The standard clichéd narrative of the so-called Scientific Revolution features the mathematisation of the sciences as a central element. Whilst it is in fact historically correct that a change in the status of mathematics and the development of new mathematical disciplines played a significant role in the evolution of the sciences, in particular those disciplines that came to be presented together under the term physics, this process actually began well before the seventeenth century, the traditional period assigned to the Scientific Revolution. 

A radical change in the status of mathematics and mathematicians took place in the time span between the High Middle Ages and the Early Modern period. It was not a sudden change but rather a gradual one over a couple of centuries. It was also not a linear progression but rather a stumbling series of changes in different areas. Different branches of mathematics progressed at different speeds, and leading practitioners, at times, questioned and even rejected the progress made by their predecessors. Beginning around fourteen hundred, it wasn’t until about seventeen hundred that mathematics had acquired the form and status that it enjoys today. 

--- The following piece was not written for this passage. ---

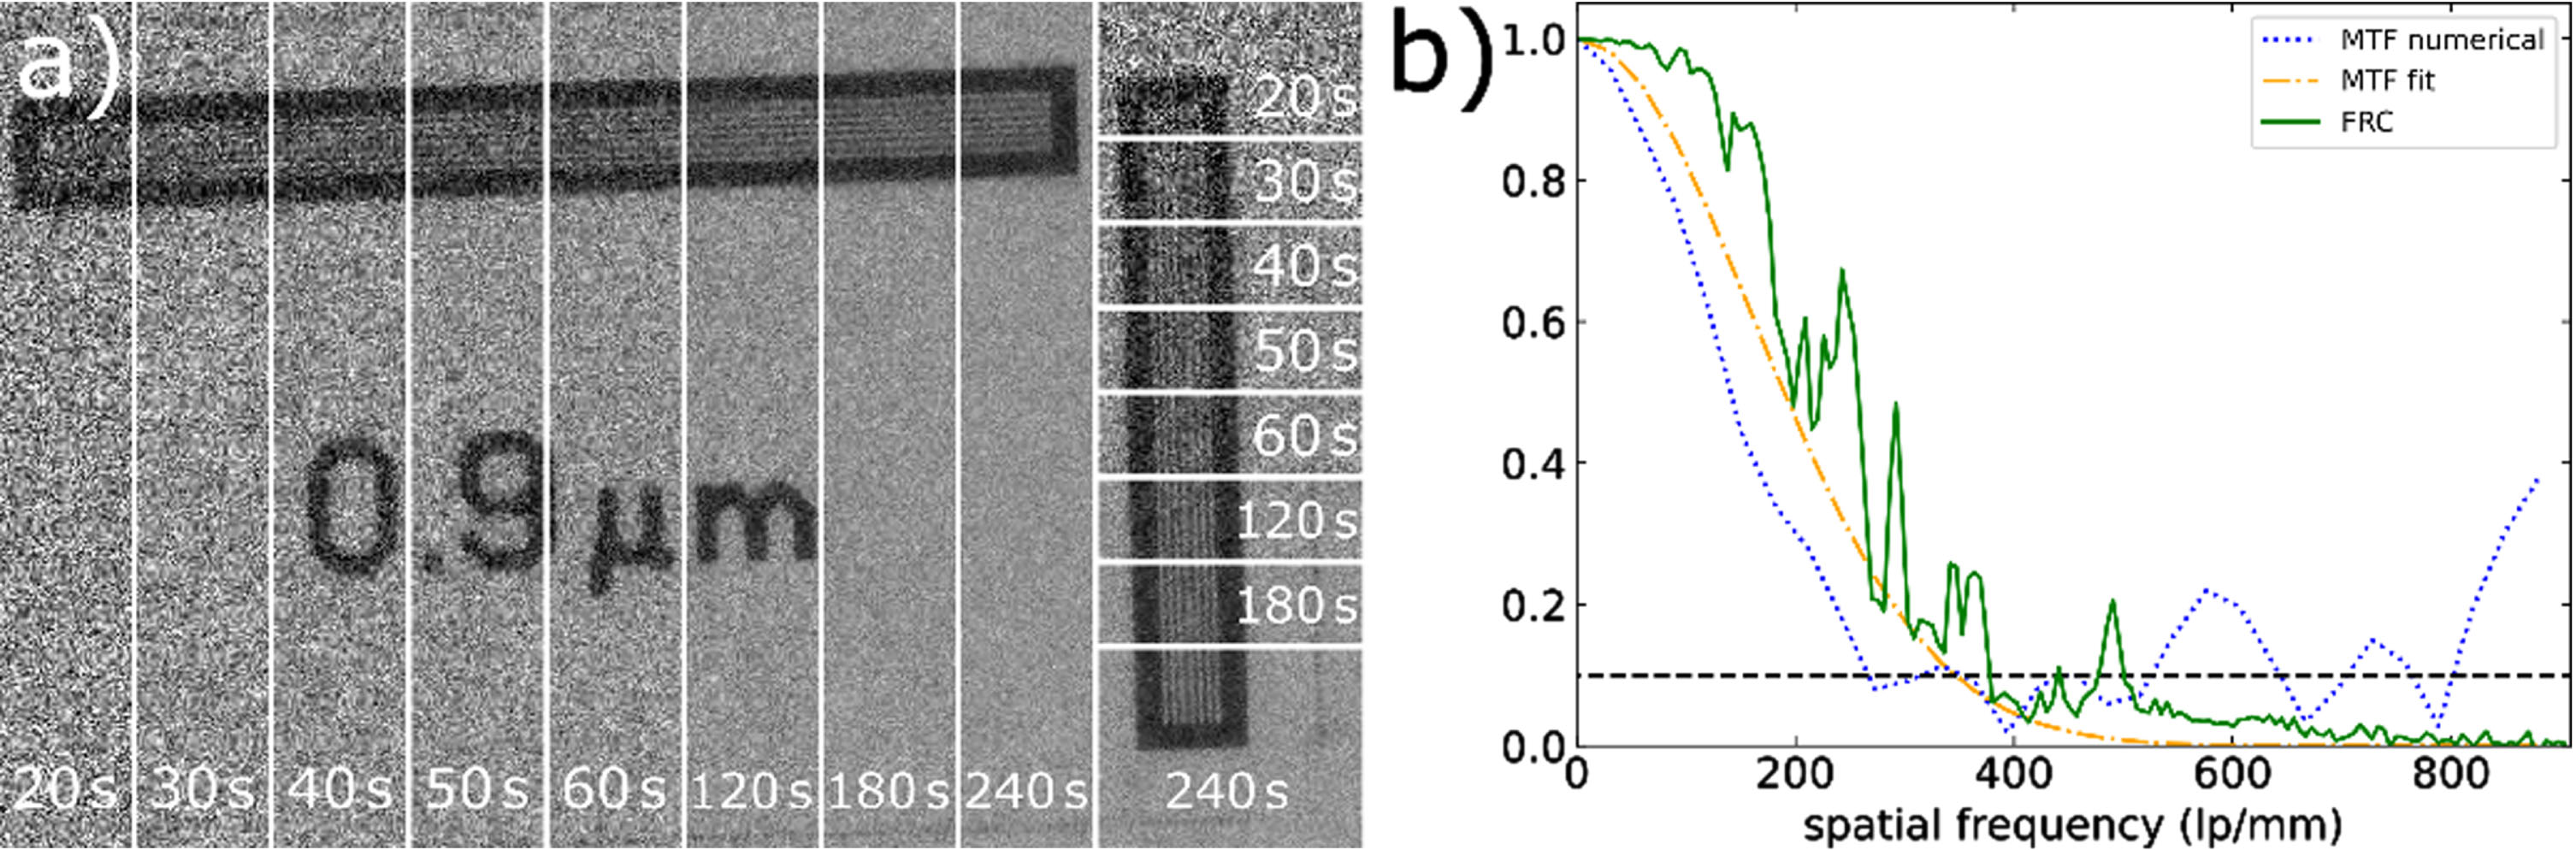 a) 0.9μm bar pattern of the JIMA for different exposure times from 20 s–240 s. With increasing exposure time, the bars become clearly distinguishable. More than 60 s exposure gives only small improvements. b) MTF and FRC extracted from a 240 s image of the JIMA. Both fitted MTF and FRC yield a similar resolution of 350–380 lp/mm at the 10% threshold, while the numerical MTF only results in around 270 lp/mm due to the noise.

On the medieval European universities mathematics was sorely neglected. Although the quadrivium–arithmetic, geometry, music, astronomy– was nominally the second, advanced part of an undergraduate degree it was largely neglected in favour of the works of Aristotle. Arithmetic and music were taught on the basis of the texts from Boethius, which were extremely elementary. In theory geometry fared better being based on the Elements of Euclid, but on paper they only taught the first six of the thirteen books; a fact reflected in the fact that the early vernacular translation were also only the first six book. However, in fact many courses never got further than Book I. Astronomy should have fared better but the normal university course was based on the Sacrobosco’s De sphaera mundi (On the Sphere of the World) from the thirteenth century, a non-technical description of Ptolemaic astronomy. Outside of the universities, in the world of trade and commerce, people did their calculation on the abacus or counting board, using Roman numerals to record the results but not the calculations themselves.

The introduction of the Hindu-Arabic place value, decimal number system shows very clearly the very slow adoption process. In the twelfth century  an unknow translator translated al-Khwārizmī’s text on the system into Latin, where it became known by various names, today it is usually referred to as Algoritmi de Numero Indorum. Algorithmi being a corruption of his name and the source of the word algorithm. In the Middle Ages, algorism referred to doing arithmetic using the place value, decimal number system. This first introduction only found use on the universities in Computus, the calculation of the dates of Easter and the other moveable Church festivals.

Page from a Latin translation of Algoritmi de Numero Indorum, beginning with “Dixit algorizmi” Source: Wikimedia Commons

Outside of the universities people continued to use their counting boards and Roman numerals. The abacus or counting board is, of course, a material representation of the place value, decimal number system.

Gregor Reisch Margarita Philosophica 1508 Algorists vs. abacists, depicted in a sketch Source: Wikimedia Commons

The system was introduced a second time by Leonardo of Pisa (c. 1170–c. 1240-1250) in his Liber Abbaci(The Book of Calculation) in 1202. This time the system found more uptake but in the world of commercial arithmetic and not the world of mathematics and even there only slowly.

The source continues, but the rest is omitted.